However, on the other hand, websites that have not been applied for registration are not displayed in the search results, so there is a disadvantage that the information that users can search is limited.

In the past, directory-type search engines that searched from websites registered for each category (directory) were common.
In order to register a website with this directory-type search engine, you had to apply for the website registration with the search engine and pass the examination.

Meta search engine

A meta search engine is a search engine that can be used by multiple other search services at once, and displays search results of major search engines such as Google and Yahoo! Search, blogs, videos, and voices.

Decentralized search engine

Finally, a distributed search engine is a search system that distributes the index of Web content to a large number of peers by P2P communication and shares the index of each peer throughout the P2P network. That's right.

Most major search engine

Nowadays, robot-type search engines centered on Google have become commonplace, and there are almost no site owners who bother to register websites in directory-type search engines.
Therefore, it is important for SEO to understand the mechanism and behavior of robot-type search engines.
So how does a robotic search engine discover and register a website?

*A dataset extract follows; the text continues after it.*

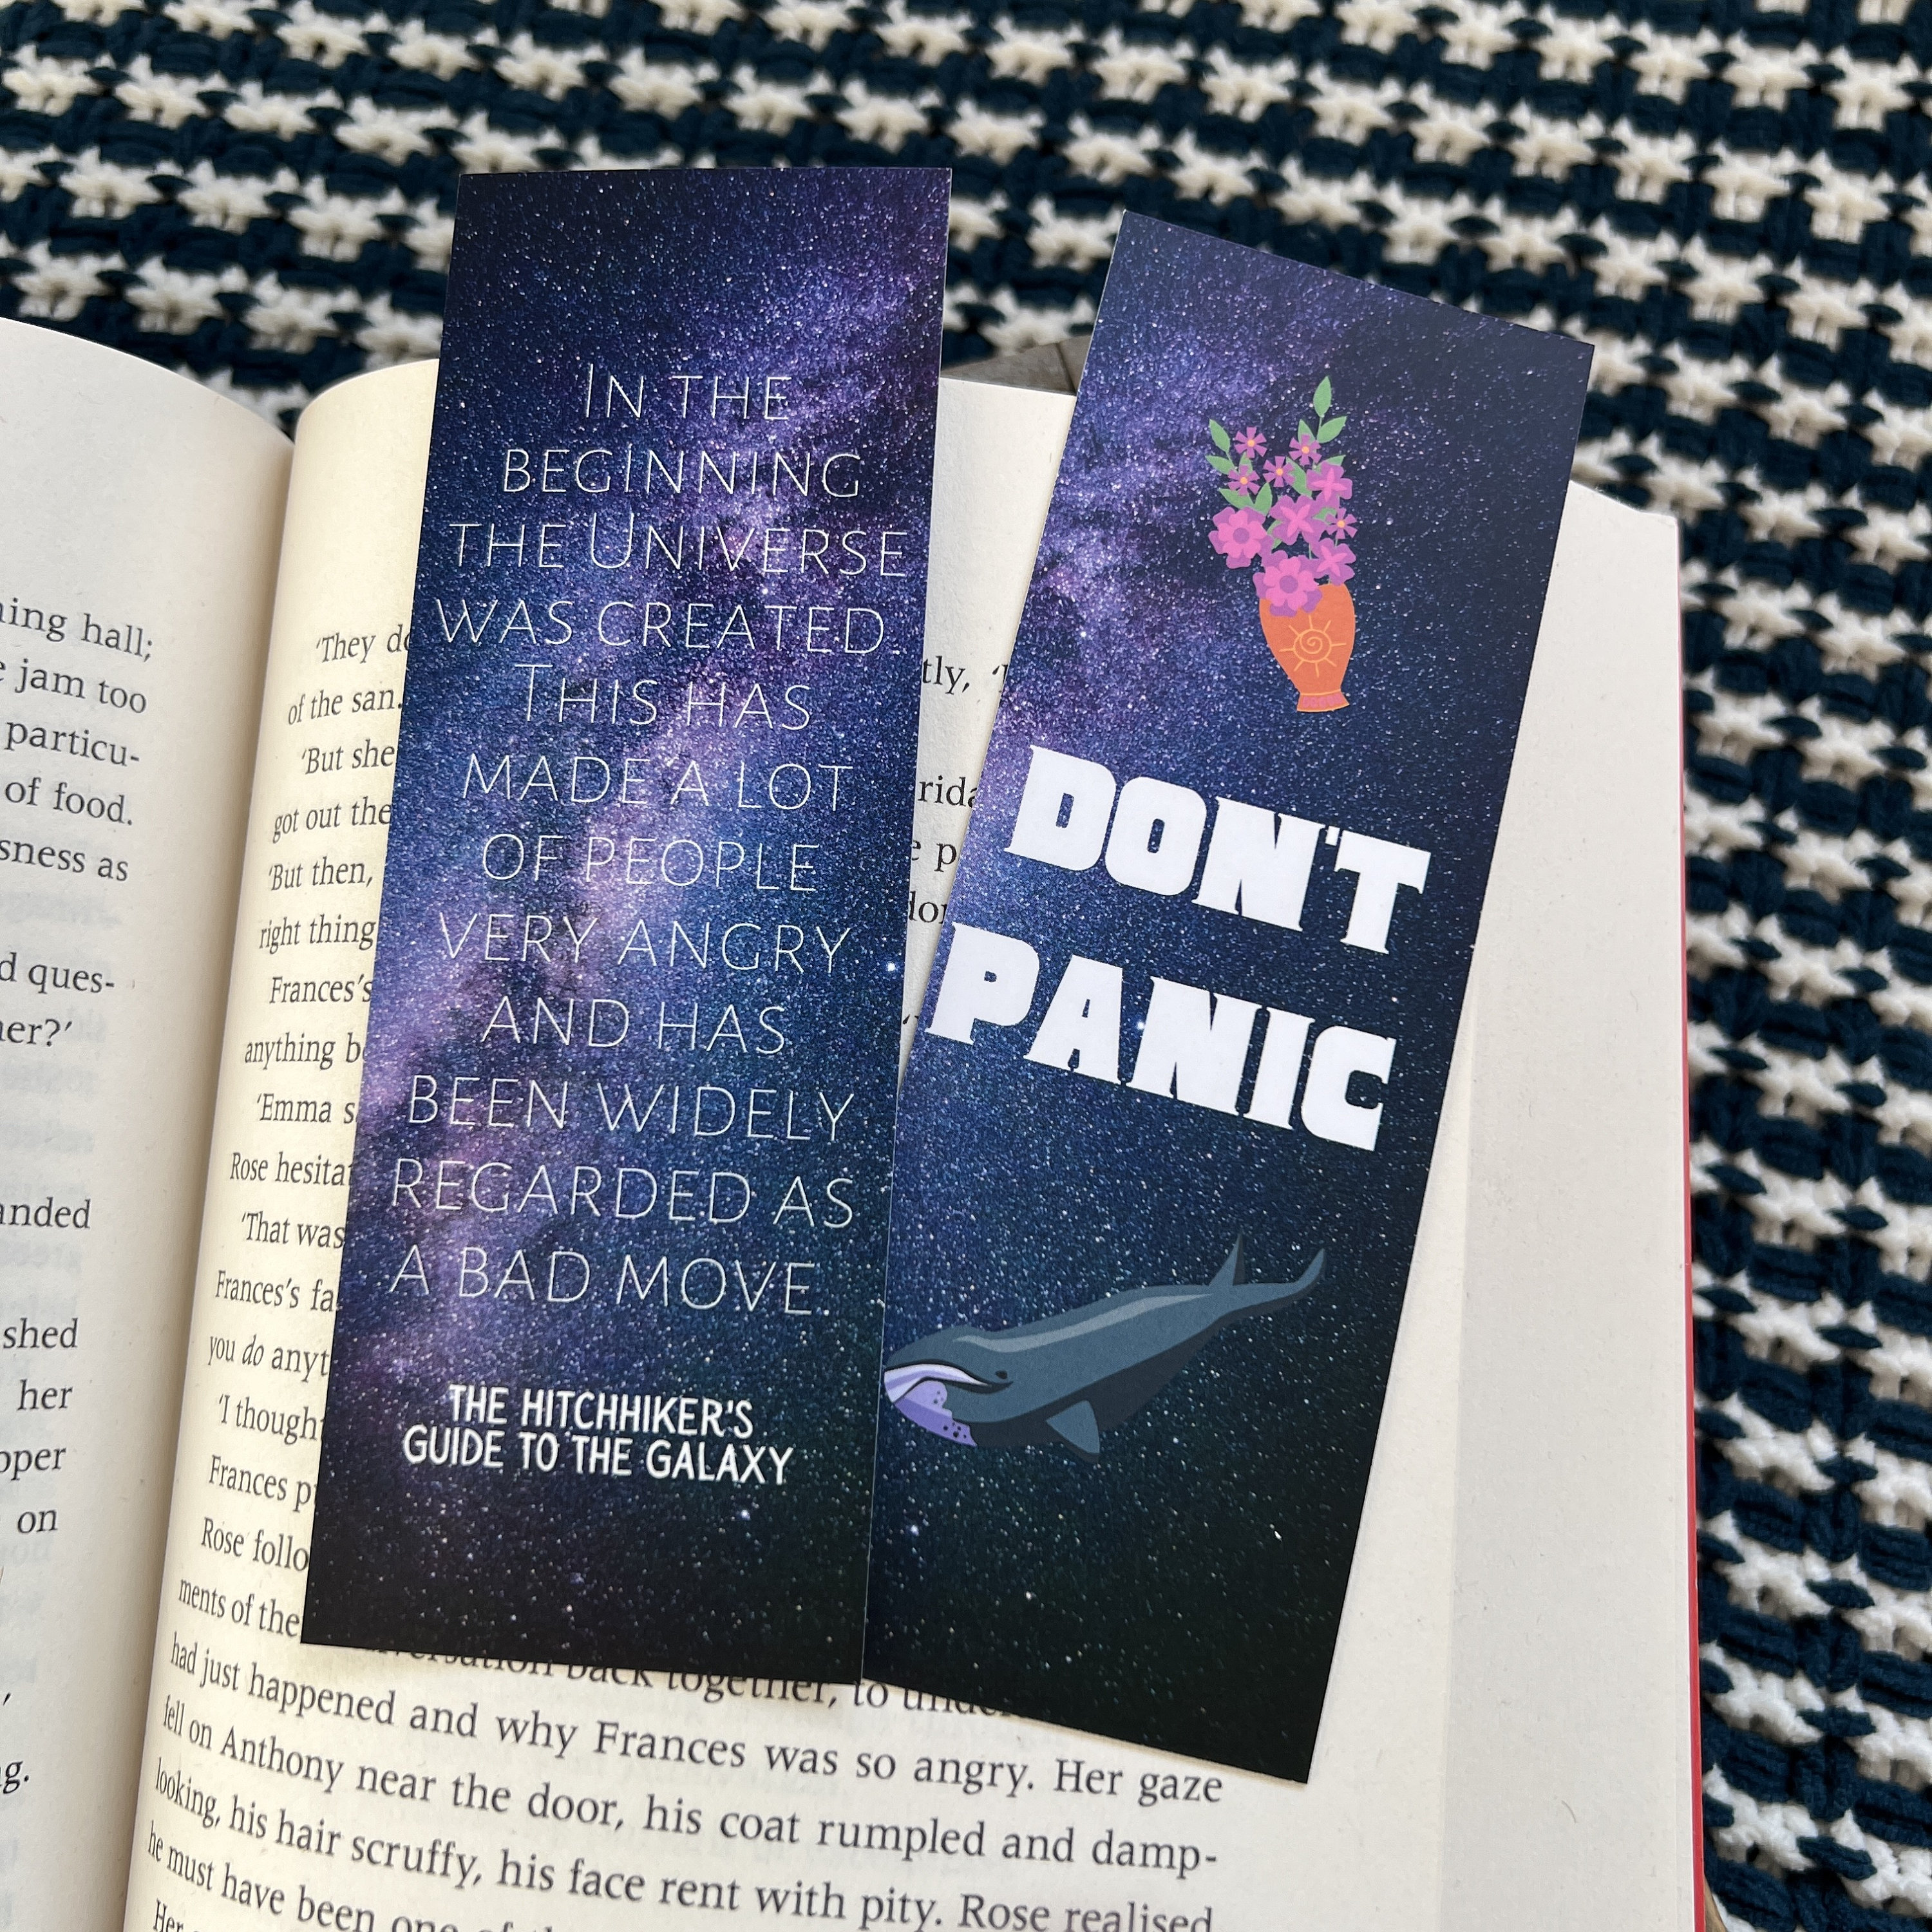 DON'T PANIC 1.25 Magnet Hitchhiker's Guide HHGG Keep Calm Alien Book  Slogan
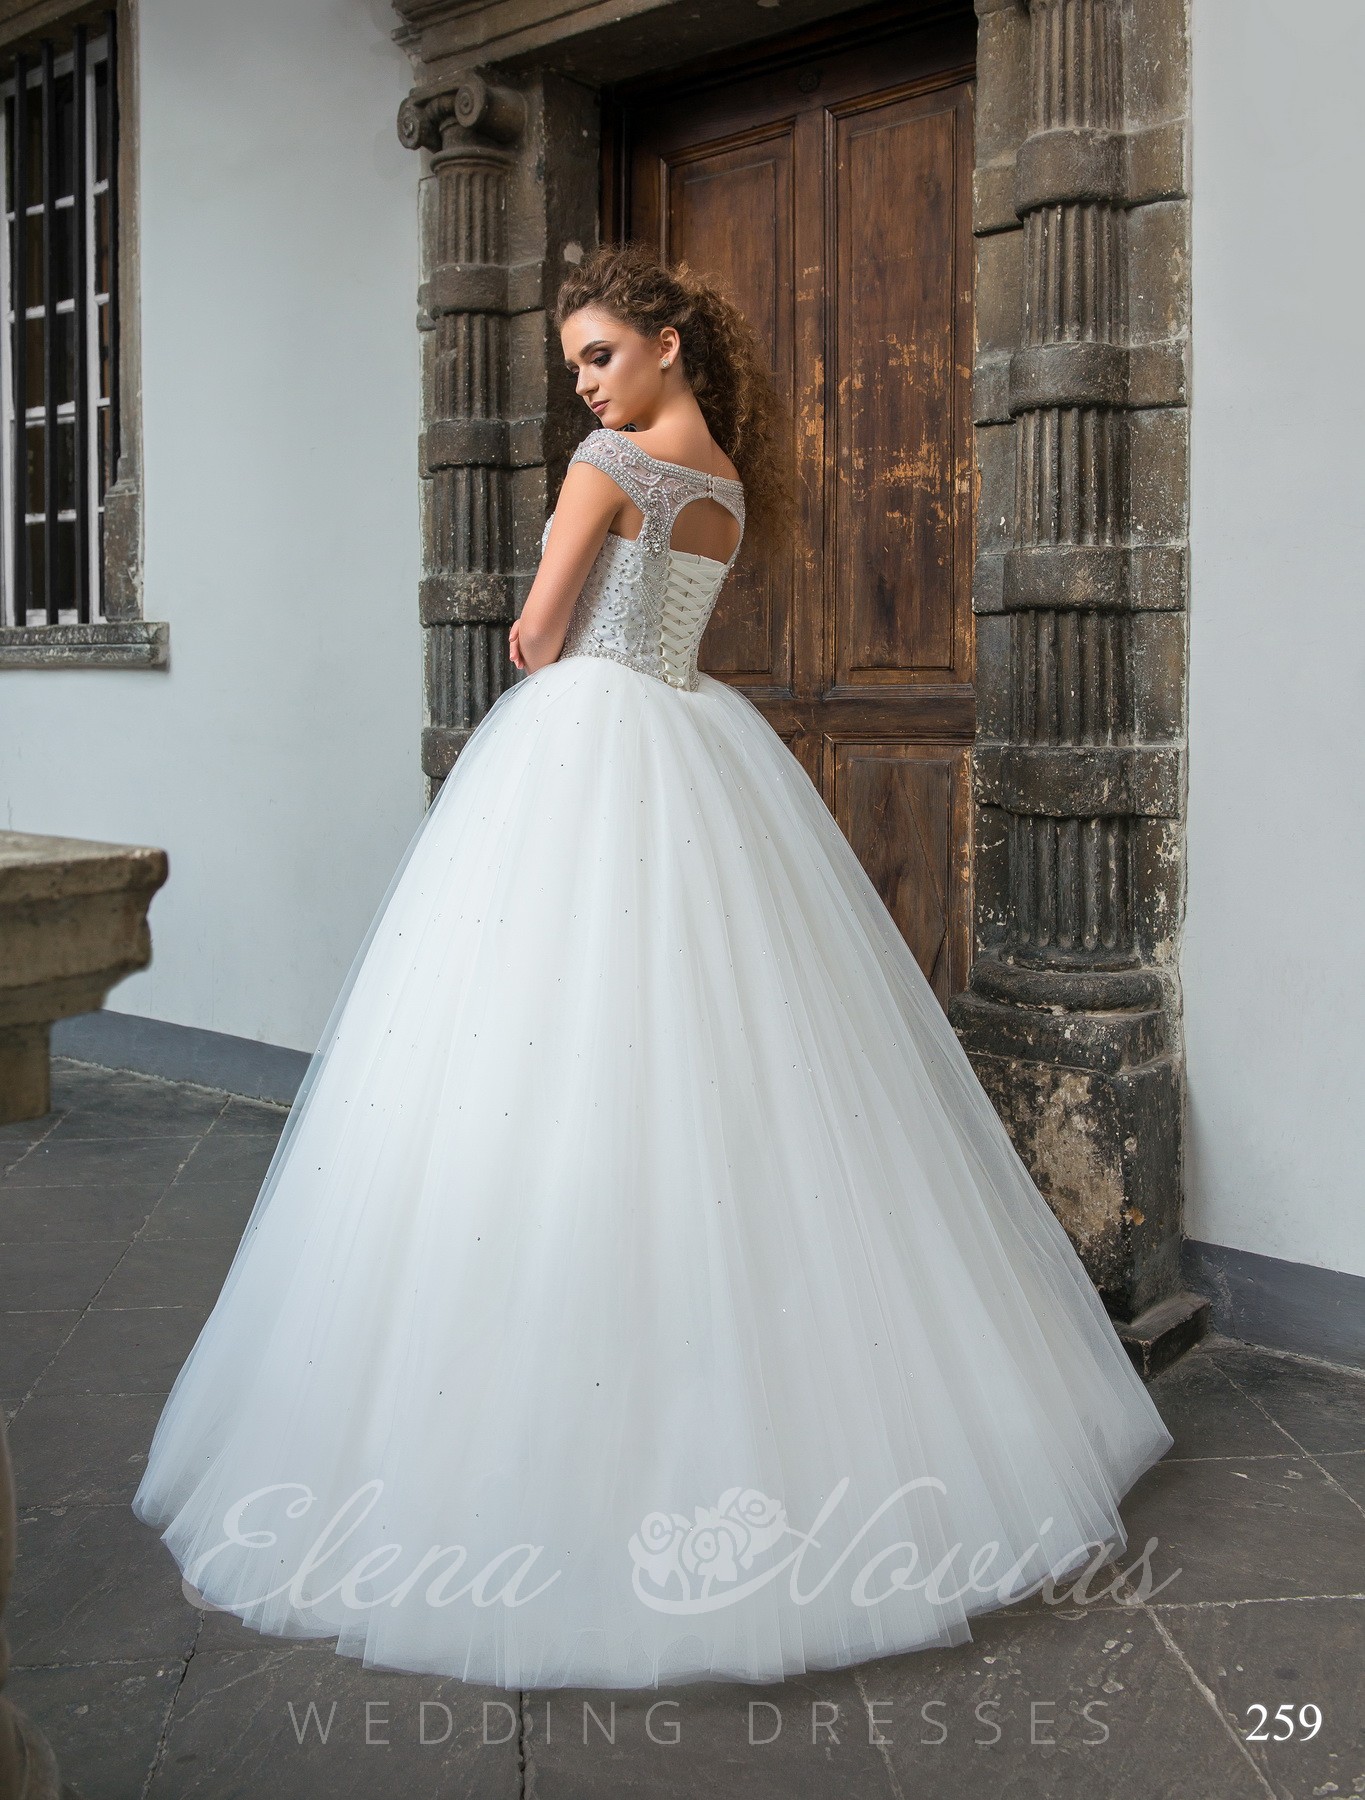 Wedding dress with a long skirt model 259

Flow until it is displayed in the search results. About the behavior of the algorithm

Crawl and index

As mentioned above, in a robot-type search engine, a robot called a crawler automatically patrols websites around the world and automatically registers the website with the search engine.
About this patrolcrawlThe fact that a crawled website is registered in a search engine is called ""indexI call it.

Search engine search results pages show indexed websites, but the flip side is that if they aren't indexed by search engines, they won't show up in search results. increase.

This means that if you don't crawl in the first place, your website won't appear on search engine search results pages, so keep track of how crawlers crawl your website. That is an important point.

Importance of links

Even though it's a robotic search engine that automatically crawls and indexes, you can't crawl URLs you don't know at all.
for that reason,Search engines use "links" posted on known websites as a way to find more URLs.

By following this link and crawling, you will discover and index unknown websites around the world one by one.
In other words, it is impossible even with a robotic search engine to find the URL of a website that has just been launched on the Internet and is not linked to from any website.

Therefore, the website owner (webmaster) needs to secure an external link at the same time as launching the website.
You can also apply for a website URL directly to a search engine, or apply for a site map for a search engine, etc., if you only want to promote the index.
By doing this, the website can also promote crawls and indexes.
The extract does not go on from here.